O comunicado termina com uma defesa da campanha alviverde no Brasileiro, hoje líder com 47 pontos, oito à frente do vice-líder. “A verdade incontestável é que o Palmeiras faz uma das melhores campanhas da história do Brasileirão na Era dos Pontos Corridos. Somos a equipe com mais gols marcados e menos gols sofridos na competição até o momento, o que comprova a competência do trabalho desenvolvido por nossos profissionais na atual temporada.”

Os números dão respaldo ao discurso. O time combina o melhor ataque e a defesa menos vazada do campeonato, enquanto segue vivo também na Copa do Brasil. Neste domingo, recebe o Fortaleza em São Paulo, às 16h, pelo jogo de ida das oitavas de final, e já mira o confronto com o Internacional, no dia 9 de agosto, no Nubank Parque, pela sequência do Brasileiro.

Arias no centro do projeto esportivo e financeiro

O protagonismo recente de Arias encaixa duas agendas estratégicas do Palmeiras. O colombiano, que atua aberto pelos lados do campo, como ponta que volta para construir e ataca em velocidade, é peça-chave no melhor ataque do país. Ao mesmo tempo, sua convocação para o Mundial transforma desempenho esportivo em ativo financeiro mensurável.

O retorno estimado de R$ 1,125 milhão não muda sozinho o patamar econômico do clube, mas sinaliza um modelo em que a valorização internacional dos atletas estrangeiros passa a ser também uma linha de receita planejada.

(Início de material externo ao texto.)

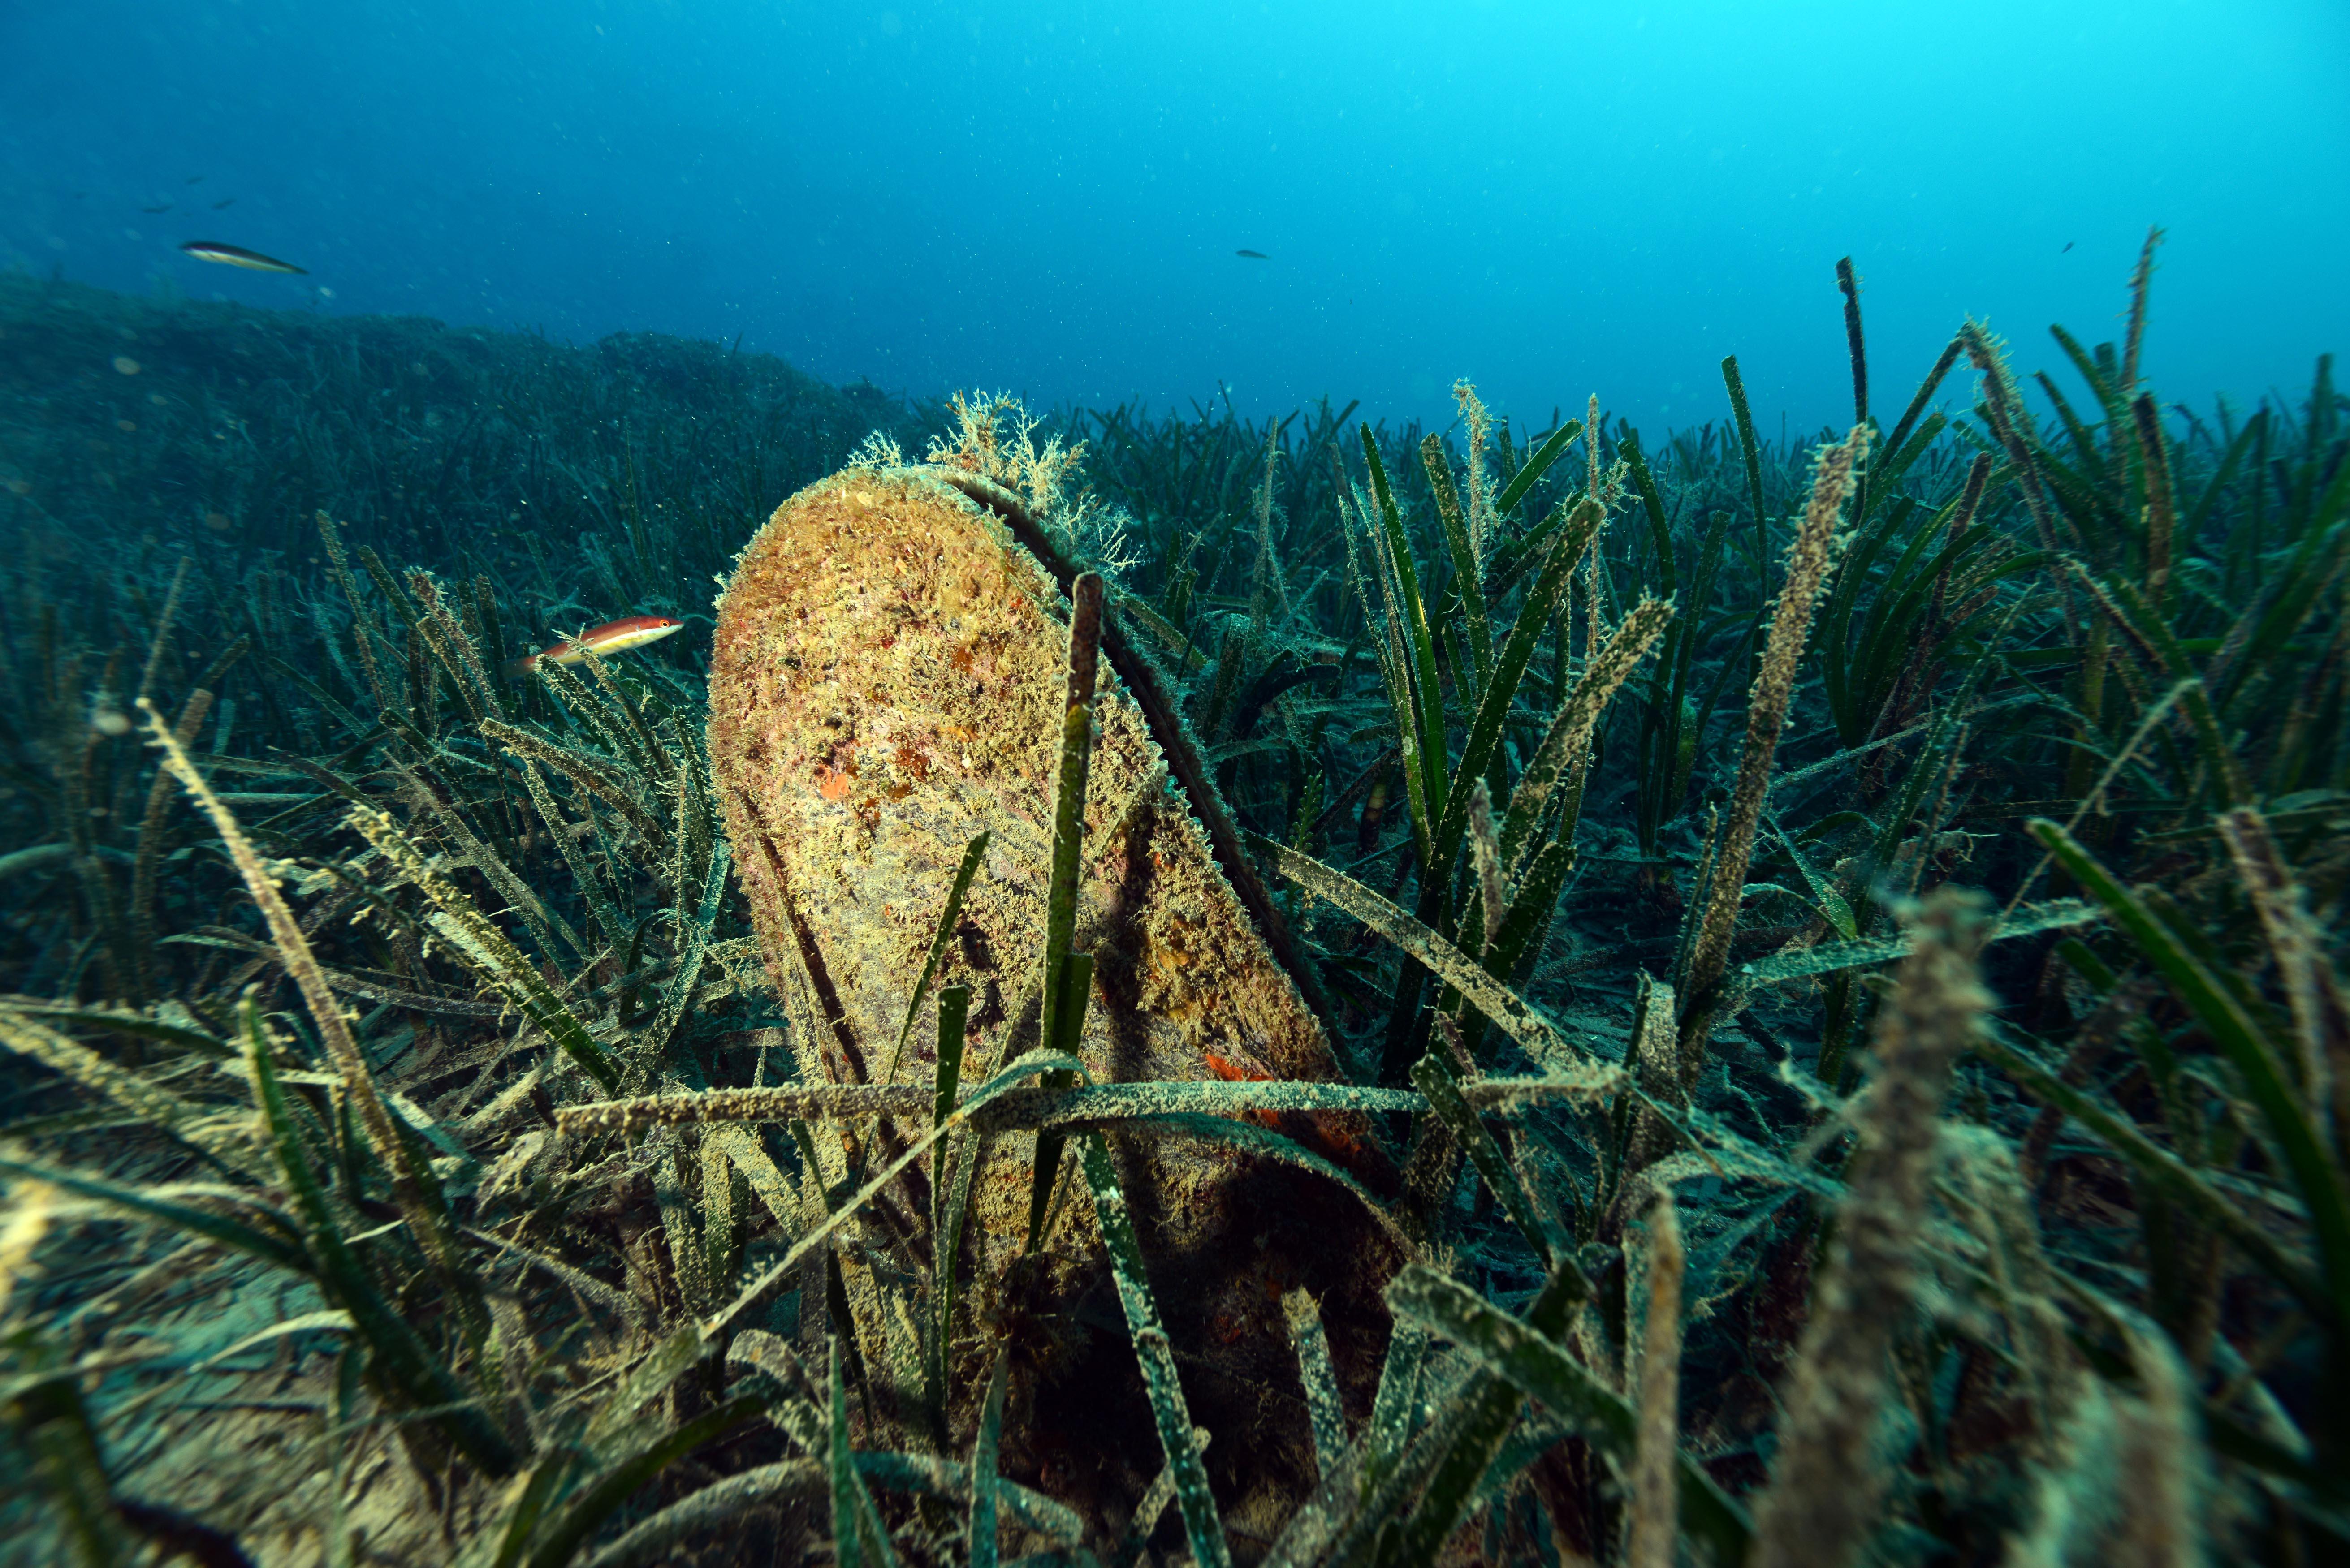 denizlerin-temizleyicisi-pinalari-olduren-virus-kiyilarimiza-geldi-4017-dhaphoto4.jpg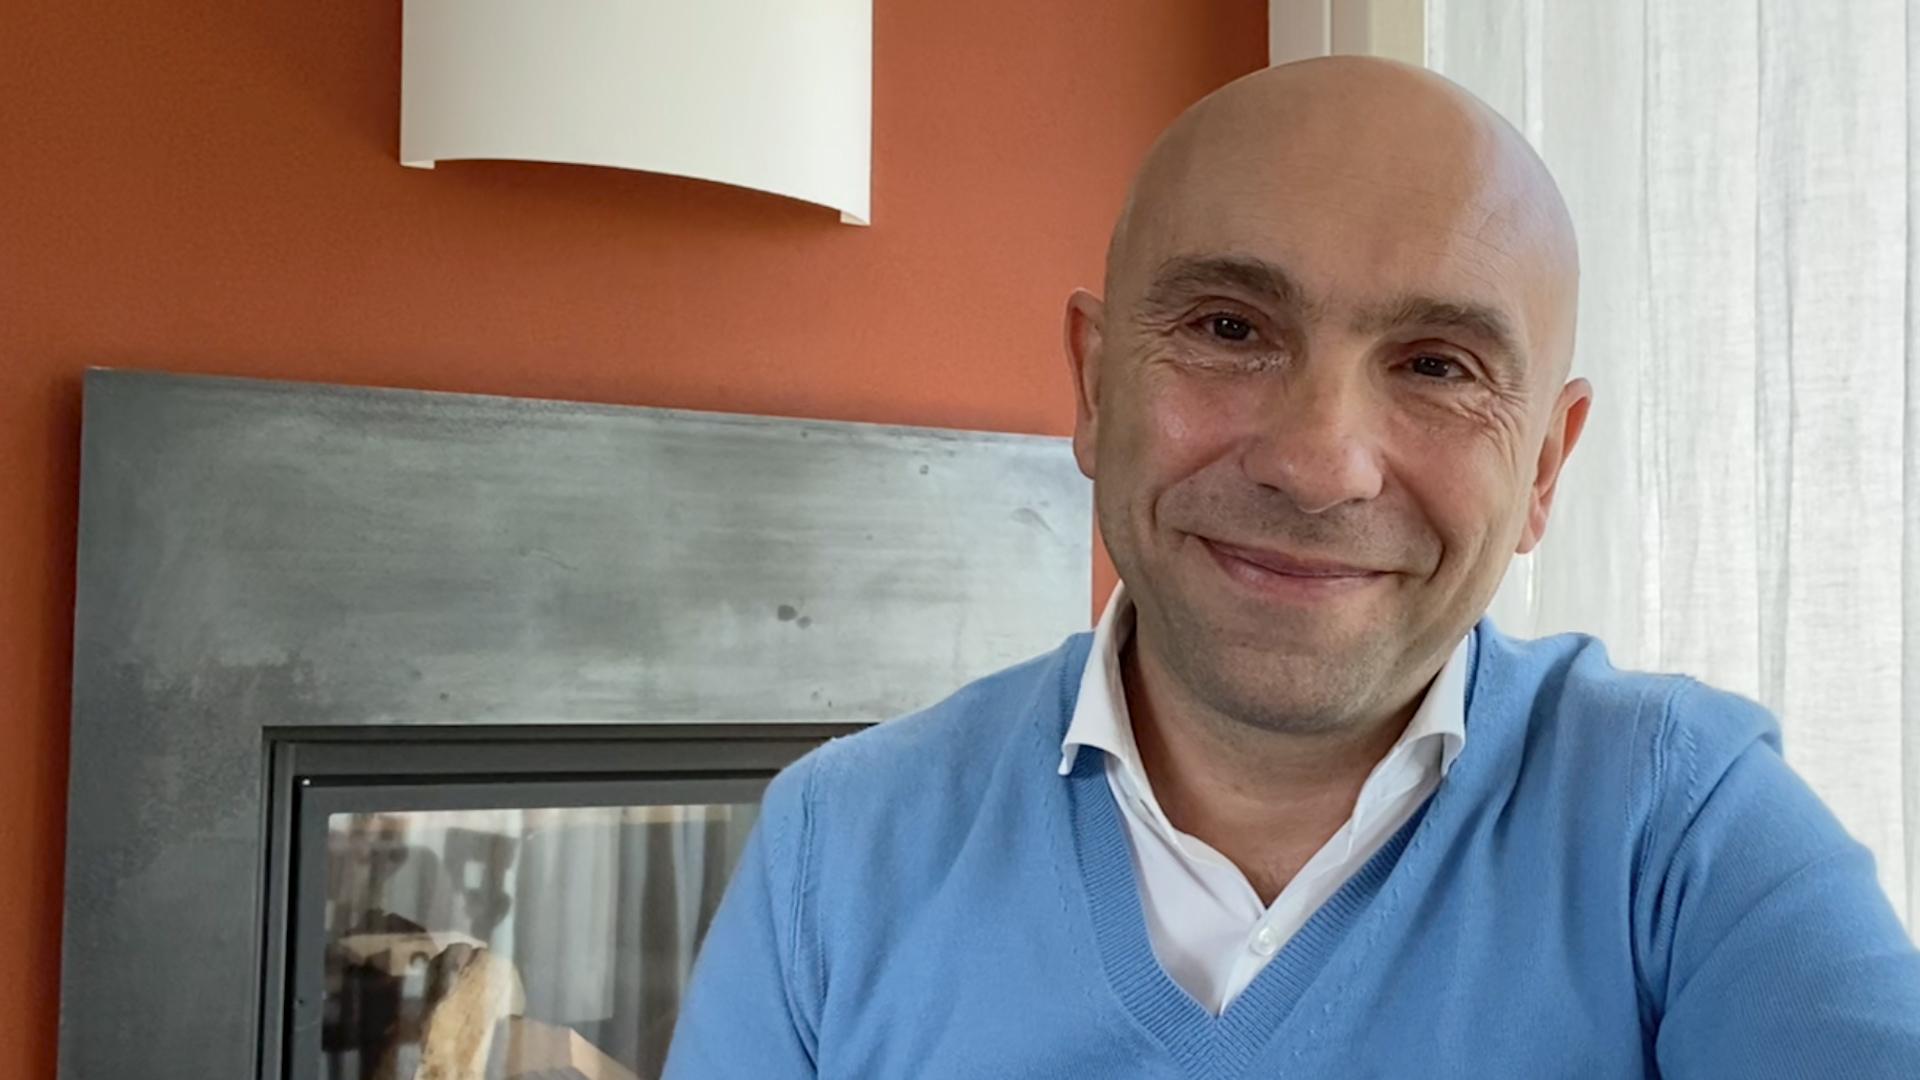 El CEO de Vitec Imaging Solutions, Marco Pezzana, Sobre su Compañía y el Momento de la Industria

A tendência é que o caso Arias fortaleça a estratégia de contratar, desenvolver e projetar jogadores capazes de servir a suas seleções e, ao mesmo tempo, influenciar títulos domésticos.

A polêmica da semana, no entanto, deixa uma lição incômoda ao redor: a proteção à integridade física desse tipo de ativo passa a ser também um tema financeiro. Cada entrada mais dura em um jogador convocado para um Mundial, como a sofrida por Arias no Barradão, carrega risco esportivo, médico e econômico.

O debate sobre o uso do VAR e o limite entre rigor e exagero nas expulsões promete seguir presente nos próximos jogos, sobretudo nos que envolvem o líder do campeonato. A reação forte do Palmeiras e a resposta da CBF com transparência nos áudios do árbitro de vídeo indicam que o gramado não é mais o único campo de disputa. A narrativa pública passa a ser parte fundamental da estratégia de clubes que lutam por títulos e por espaço num calendário congestionado.

Enquanto isso, o atacante colombiano se prepara para mais uma sequência decisiva pelo Palmeiras, entre Copa do Brasil e Brasileirão, carregando no corpo as marcas da última rodada e, no passaporte, o selo de protagonista de seleção em Mundial. O desfecho dessa combinação de vitrine internacional, bom futebol e controvérsia doméstica deve ajudar a definir o peso de Jhon Arias no projeto alviverde para a temporada.

O que aconteceu com a perna de Jhon Arias após a entrada de Cacá?

Após o carrinho de Cacá, a perna de Arias ficou marcada pelas travas da chuteira, com a canela bastante arranhada. O Palmeiras divulgou fotos para evidenciar a gravidade do lance.

Qual a posição de Jhon Arias no time do Palmeiras?

Jhon Arias atua principalmente como ponta, aberto pelo lado do campo. Ele participa da construção das jogadas, infiltra na área e é peça importante no ataque alviverde.